One chooses Coordinate Descent as iterative solver. <br/>
The idea of coordinate descent is to decompose a large optimisation problem into
a sequence of one-dimensional optimisation problems. 
Coordinate descent methods have become unavoidable in machine learning because
they are very efficient for key problems, namely Lasso, Logistic Regression and
Support Vector Machines. <br/>
Moreover, the decomposition into small subproblems means that only a small part 
of the data is processed at each iteration and this makes coordinate descent
easily scalable to high dimensions. 
The idea of coordinate gradient descent is to perform one iteration of gradient
in the 1-dimensional problem :
$$
min_{z \in X_{i}} f(x_{k}^{(1)}, \ldots, x_{k}^{(l-1)}, z, x_{k}^{(l+1)}, \ldots, x_{k}^{(n)})
$$
instead of solving it completely. In general it reduces drastically the cost 
of each iteration while keeping the same convergence behaviour.

## Data Simulation

In [0]:
from numpy.random import multivariate_normal
from scipy.linalg.special_matrices import toeplitz
from numpy.random import randn

def simu(beta, n_samples=1000, corr=0.5, for_logreg=False):
    n_features=len(beta)
    cov = toeplitz(corr ** np.arange(0, n_features))

    # Features Matrix
    X = multivariate_normal(np.zeros(n_features), cov, size=n_samples)

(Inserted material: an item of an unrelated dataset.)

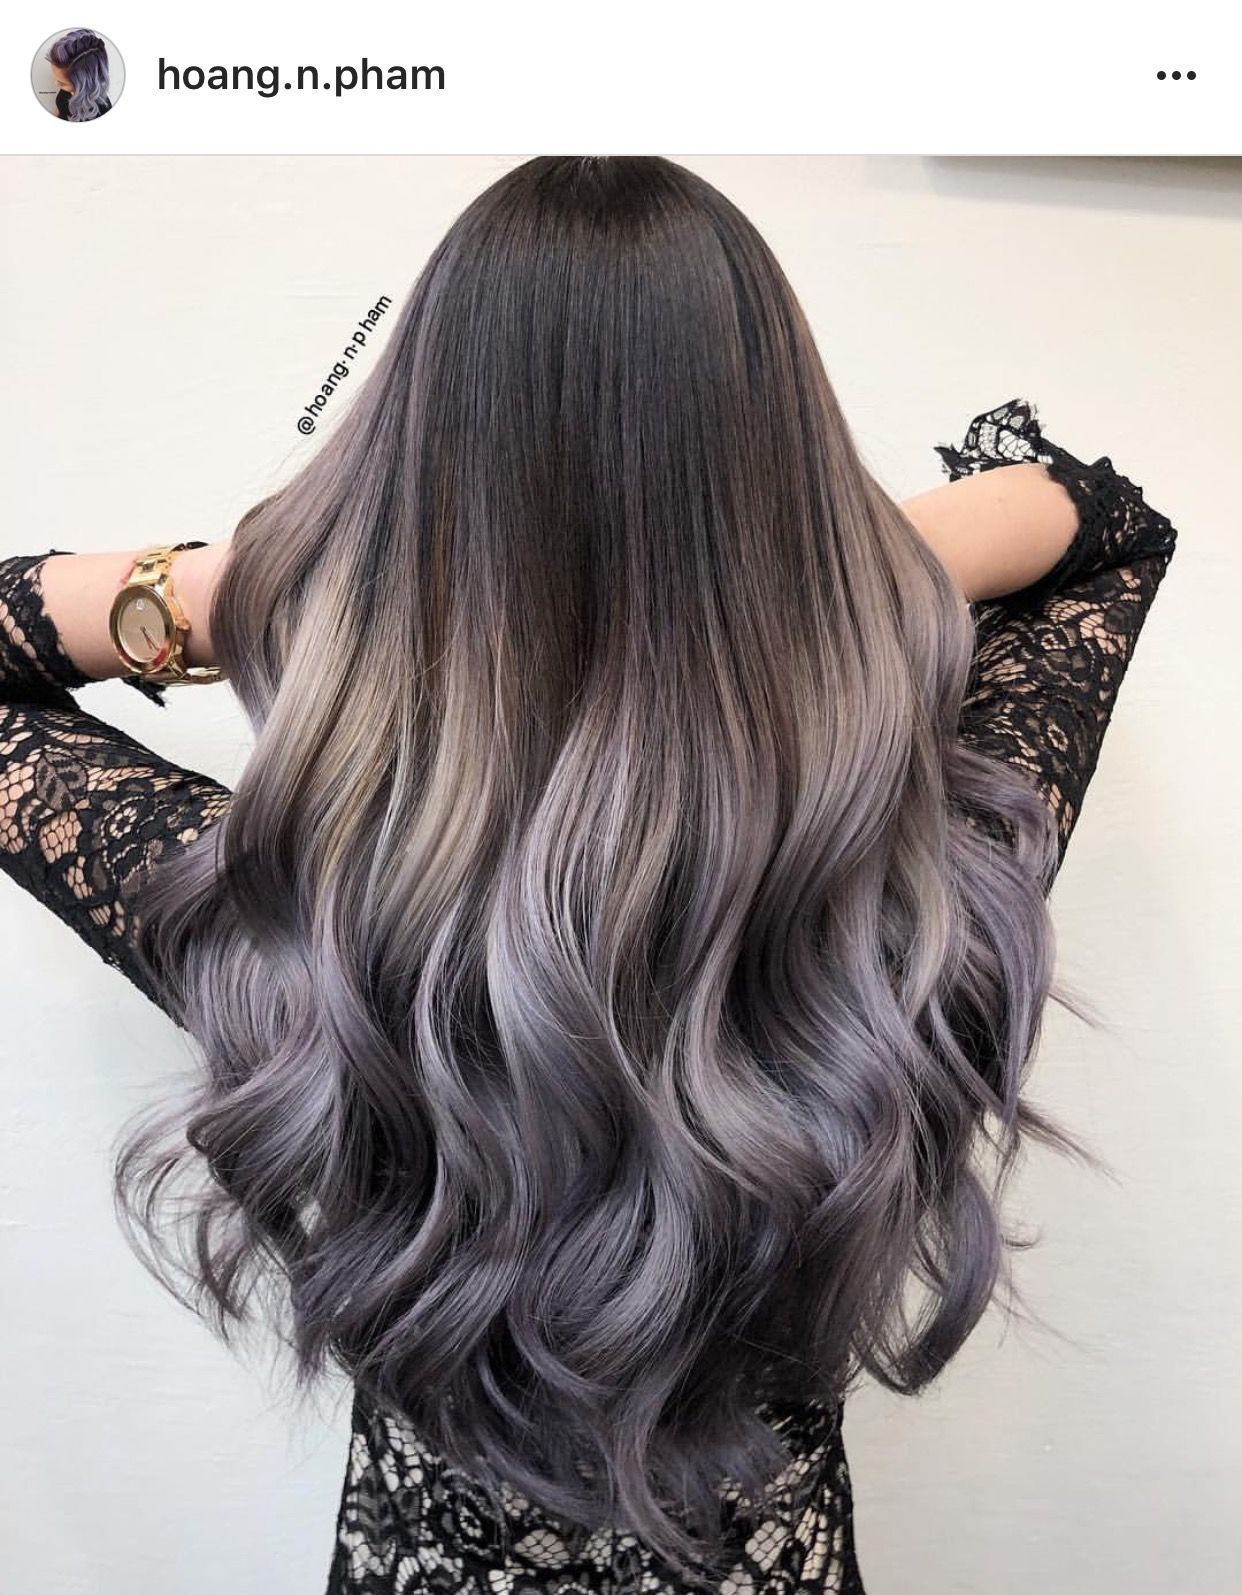 Hair Haircolor Hairideas Hairinspiration Hairstyle With Images Hair Styles Hair Color For Morena Skin Hair Color For Morena

    # Target labels vector with noise
    y = X.dot(beta) + randn(n_samples)

    if for_logreg:
        y = np.sign(y)

    return X, y

## Test Cell

In [0]:
np.random.seed(0)
n_features = 100
beta = np.random.randn(n_features)

X, y = simu(beta, n_samples=1000, corr=0.5, for_logreg=False)

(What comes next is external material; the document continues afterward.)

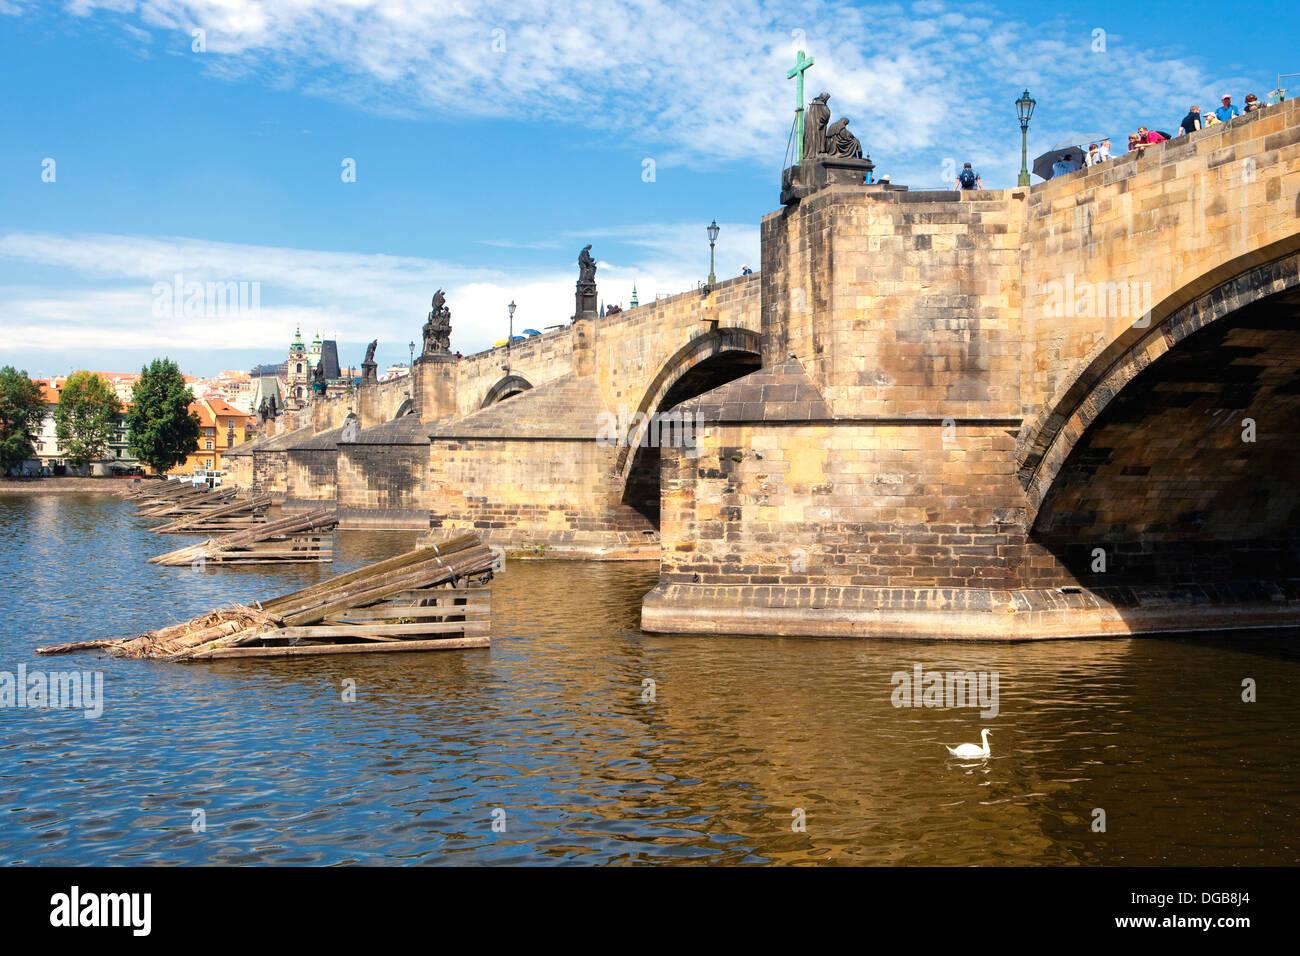 Tschechien, Prag - Sideview der Karlsbrücke Stockbild

# print("Features matrix X : \n", X)
# print("Target vector y : \n", y)

## Coordinate Descent Algorithm

In [0]:
def cyclic_coordinate_descent(X, y, n_iter=10):
    """Solver : cyclic coordinate descent 

    Parameters
    ----------

    X: numpy.ndarray, shape (n_samples, n_features)
       features matrix

    y: numpy.array, shape (n_samples, )
       target labels vector

    n_iter: int, default = 10
            number of iterations  

    Returns
    -------

    beta: numpy.array, shape(n_features,)
          parameters vector

    all_objs: numpy.array, shape(n_features)
              residuals vector

    """

    # Initialisation of the parameters

    n_samples, n_features = X.shape
    all_objs = []

    beta = np.zeros(n_features)
    residuals = y - X.dot(beta)

    # Computation of the lipschitz constants vector 

    lips_const = np.linalg.norm(X, axis=0)**2

    # Iterations of the algorithm
    for k in range(n_iter):

        # One cyclicly updates the i^{th} coordinate corresponding to the rest 
        # in the Euclidean division by the number of features 
        # This allows to always selecting an index between 1 and n_features
        i = k % n_features + 1

        old_beta_i = beta[i].copy()
        step = 1/lips_const[i] 
        reg = old_beta_i * X[:,i]
        grad = (X[:,i].T).dot(residuals + reg)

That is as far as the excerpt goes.